- WHAT YOU ARE ASKED TO DO: Repeat word for word everything from the line containing "2022 Volvo C40 interior" to the end of the listing, first and last lines included, and only that.

- THE DATA:
--------------------------------
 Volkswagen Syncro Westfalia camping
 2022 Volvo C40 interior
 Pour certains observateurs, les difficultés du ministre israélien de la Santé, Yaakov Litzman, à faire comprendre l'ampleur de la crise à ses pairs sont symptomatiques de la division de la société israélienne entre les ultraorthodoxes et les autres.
--------------------------------
- PROBLEM SOLUTION:
 2022 Volvo C40 interior
 Pour certains observateurs, les difficultés du ministre israélien de la Santé, Yaakov Litzman, à faire comprendre l'ampleur de la crise à ses pairs sont symptomatiques de la division de la société israélienne entre les ultraorthodoxes et les autres.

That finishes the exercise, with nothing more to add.